Evolution of indian cinema

Dadasaheb Phalke’s ‘Raja Harishchandra’ revolutionised an art form which would become a huge influence in almost everyone’s life. Films form public opinion and evoke different emotions. The way of expression in films is very unique. A book has a way of its own and every art form is unique. But a film can exactly deliver the desired message because it is visual and there are a lot of human elements involved.

The evolution of Indian cinema is divided into different phases. The silent era was the first one. Silent films were produced during the 1890s-1920s. The wrestlers (1899) by H.S bhatavdekar is considered the first Indian film ever by an Indian. It was a film documentary. It was about a wrestling match which was held at the hanging gardens in Bombay. Due to the enthusiasm from a lot of different filmmakers, the Indian film industry rose rapidly. Tickets were affordable to the normal audience.
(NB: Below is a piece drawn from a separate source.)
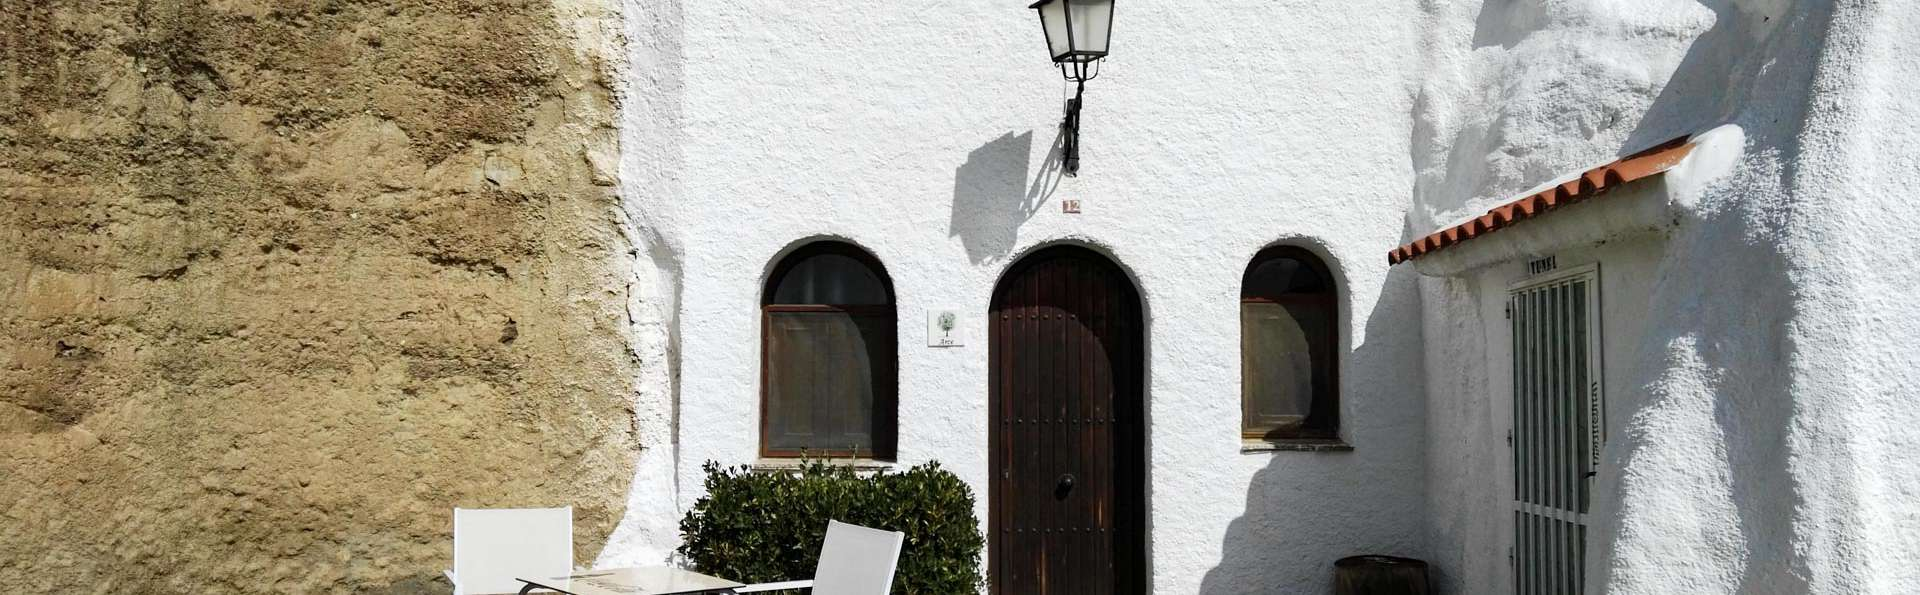 Hotel Cuevas Abuelo Ventura - EDIT_NEW_FRONT_02.jpg

Filmmakers started to incorporate daily Indian social life to make the film more interesting and relatable to the audience.

Alam ara highlights the talkies era. Alam ara was released in 1931. It was the first Indian film which had sound. Joymoti by Jyoti Prasad Agrawala was released in 1935. Jyoti Prasad also went to Berlin to learn more about films. The popular culture of music in films began during this era. Studios started to emerge in main cities like Bombay, Madras and Calcutta. Kisna Kanhiya, the first colour film produced in India came out during this era. A film called wrath was banned by the British raj because it depicted Indian freedom fighters as leaders. A film named Sant Tukaram went to the Venice film festival for its depiction of a saint and a poet. A deadly combination indeed. It was judged as one of the three best films of the year. The seeds of Indian masala film were sown during this era. An Indian masala film has everything. Dance, Music, Drama and Action. This type of film brings out huge crowds into theatre today and is one of the spectacles of India in a way. Although, due to the partition a lot of studios moved to Pakistan. Partition became a hot topic to make films.
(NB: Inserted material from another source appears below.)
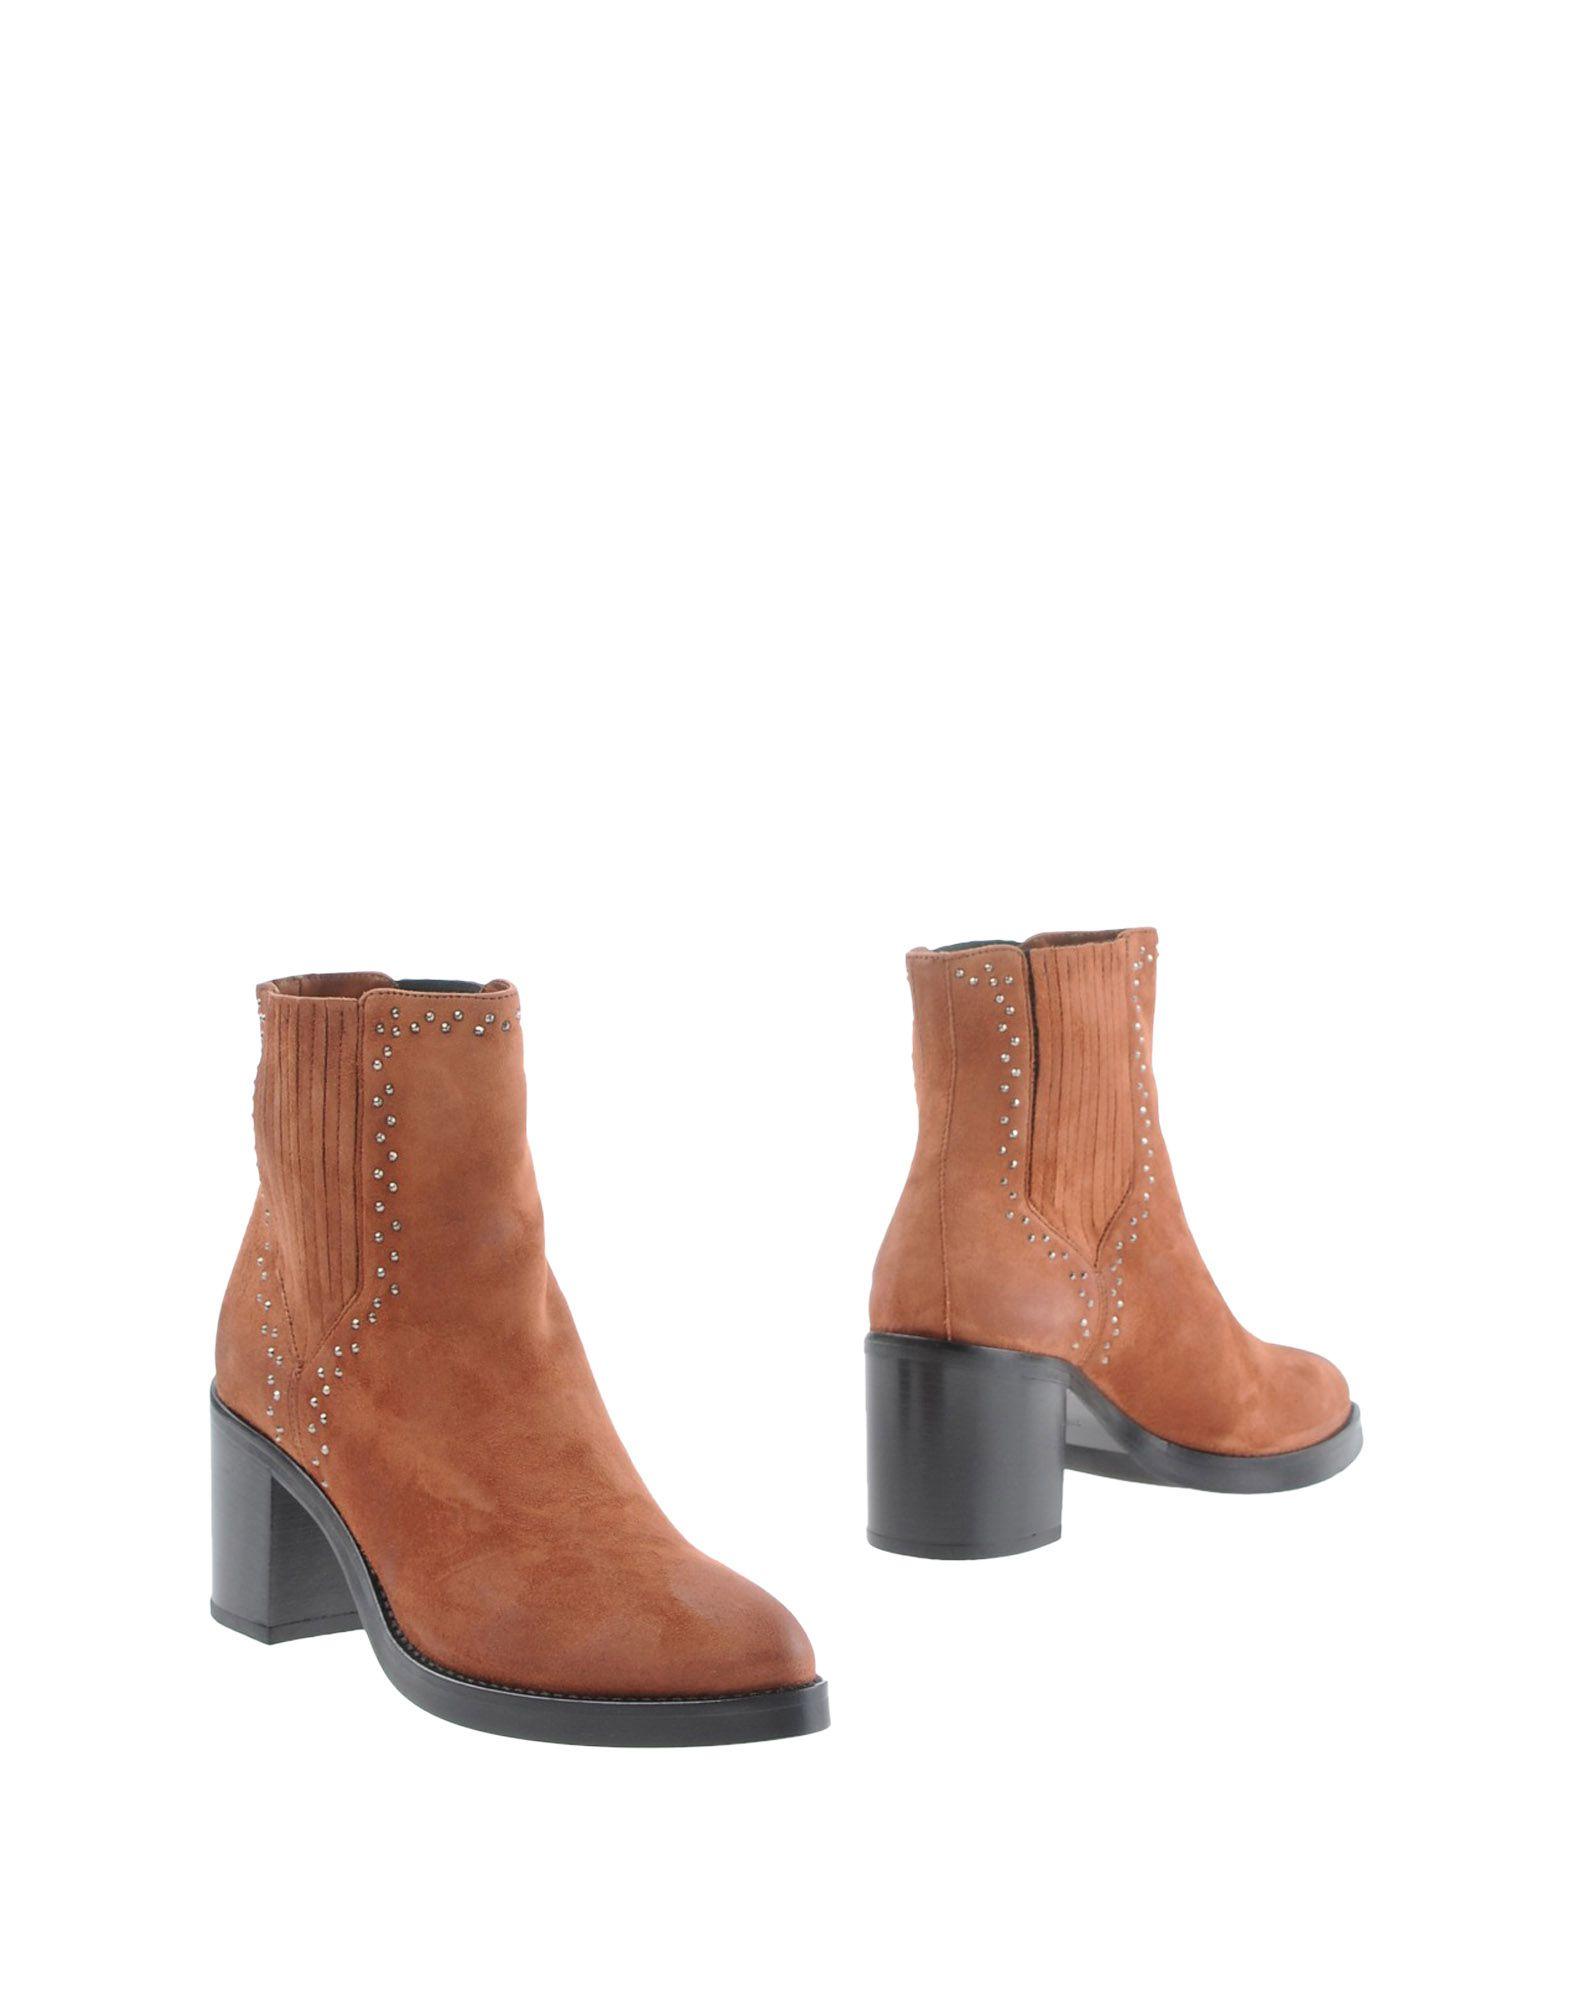 ФОТО janet & janet Полусапоги и высокие ботинки

Satyajit ray with his movie reel

The golden era is dedicated to the genius of Satyajit ray. In the third part of the Apu trilogy, there’s a scene where apu and his friend are just walking beside a railway track. They are chatting about their lives. The talks of APU’s marriage come up among other things. The scene captures the vibe of Calcutta so nonchalantly. It’s just two friends talking to each other. The flow of the scene feels so natural. Satyajit ray’s films teleport you into the Calcutta of the 60s. Satyajit Ray was the master of social realism. Another film is boot polish directed by Prakash Arora. There’s a scene in the film in which Bhola(brother) is telling belt(sister) not to beg for a living. She’s starving and the only way she can feed herself is by begging. But because it goes against his brother’s philosophical ideology, she chooses to resist the temptation. But the poor girl can’t resist her hunger for long and picks up a coin and right after that her brother slaps her. She says while crying “bhook Lagi hai Bhai”. Now his brother has to choose between his honour and duties. He can choose to not pick up the coin and maintain his moral high ground or he can feed her sister. The scene captures this conflict so perfectly. The camera captures the whole environment of the room. This type of film was made during this era. Films based on social realism. Masala films also became very popular during this time. Art films and commercial films started to co-exist.
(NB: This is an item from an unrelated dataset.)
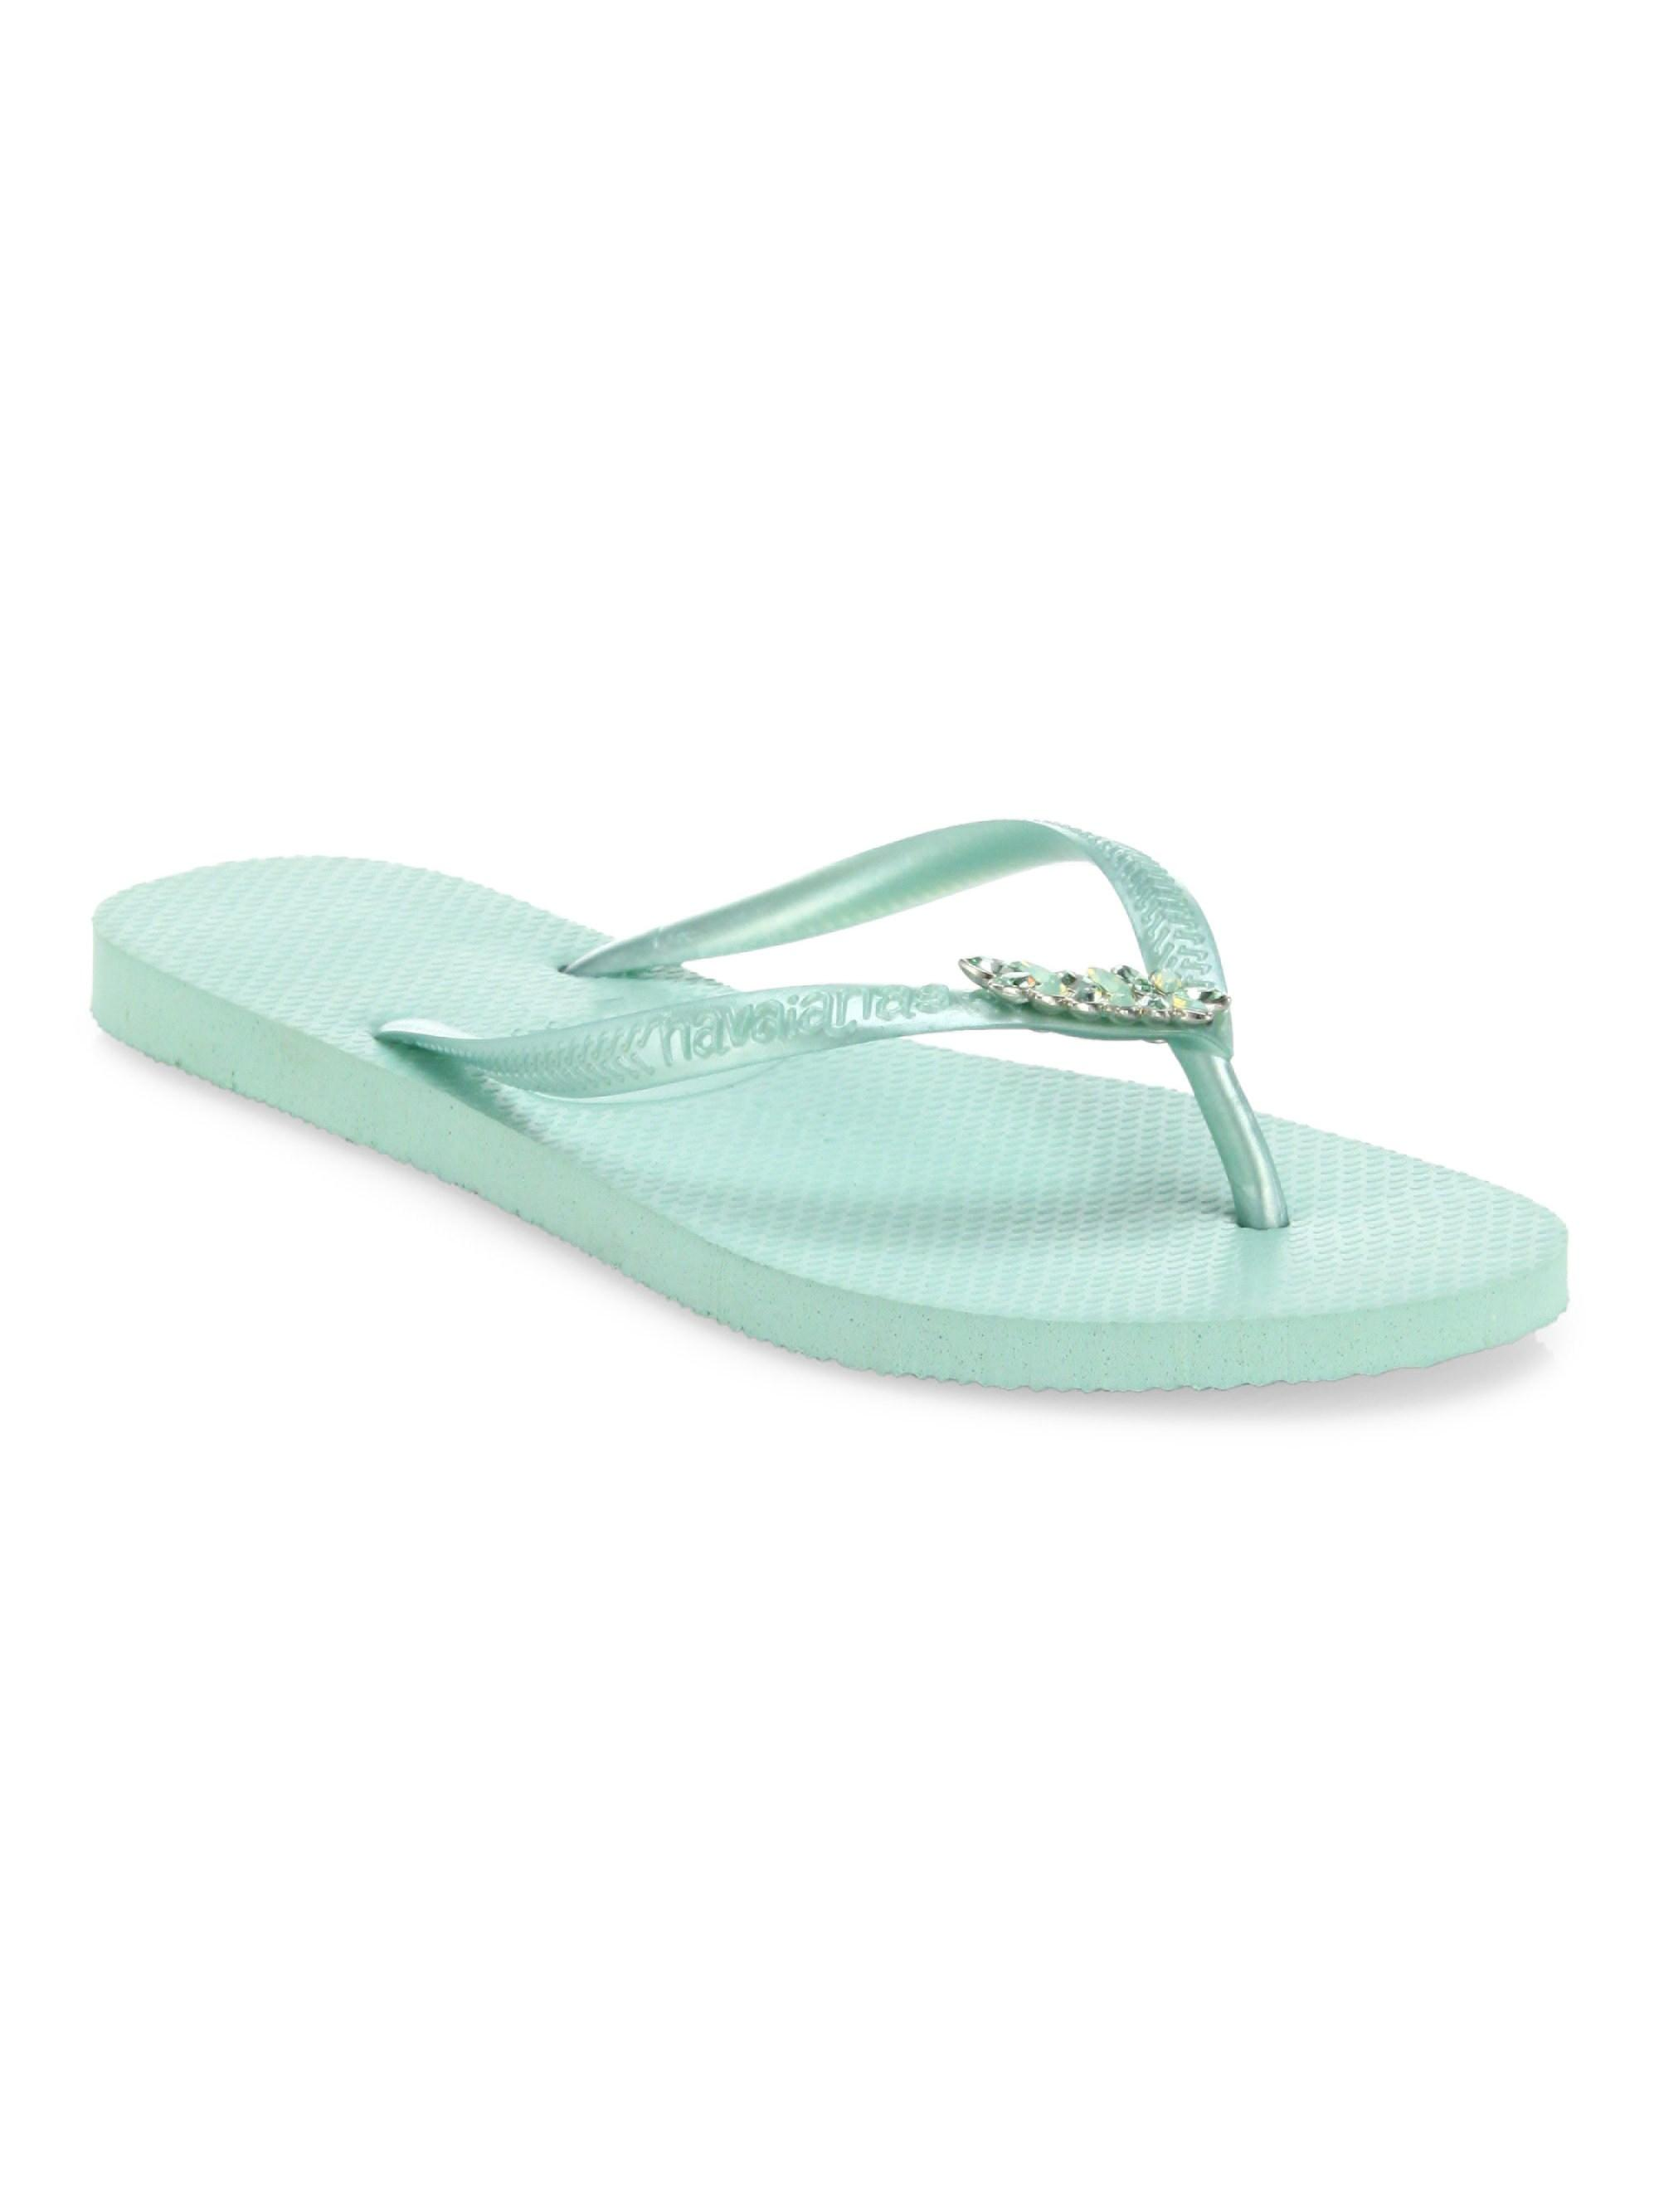 d1b52bb29 Lyst - Havaianas Women s Slim Lux Swarovski Crystal Flip Flops ...

The FFC’s art film orientation came under criticism for not pushing enough commercial films. The duo of Salim-Javed revitalised commercial cinema. They always came up with gritty action thrillers like zanjeer and deewar. They are considered the greatest screenwriters of all time. Crime action films became very popular during this era. The peak of masala films. Although, this made the audiences used to a very predictable plot. Anyone would be able to anticipate what will happen next because it became so predictable. All-time blockbusters like Sholay came out in 1975. The term Bollywood was also coined during this era.

In the late 1980s, everyone was tired of watching the same old action thrillers. The footfalls became less and less until disco dancers. Disco dancers introduced the concept of disco in India. Disco dancer was the biggest hit of the year even in Russia. It introduced Bappi Lahiri as a music director. Mithun and Bappi Lahiri have given countless hits together. Then came the era of romance. Yash raj Chopra’s DDLJ sums up the decade of the 90s. Shah rukh khan became a sensation through his charming acting in romantic films like Kuch Kuch Hota hai , Dil to Pagal hai etc. He gained massive popularity worldwide. Sadly though, as the concept of Bollywood evolved. It became more about money rather than the art as in any other industry. The moment anything becomes an industry. It loses its beautiful touch. That’s what happened with Bollywood. Filmmakers in Europe or France can dare to think about anything today and make something about it. The problem with us is that we cannot even afford to think anything outside the box. Our bandwidth as an audience is very low. We only like to watch films of certain kinds.

The regional cinema has also grown immensely and in some ways is doing better than the Hindi film industry. The film chain in India today is very strong. Thank you to the Dadasahebs, Satyajit’s and anands of India.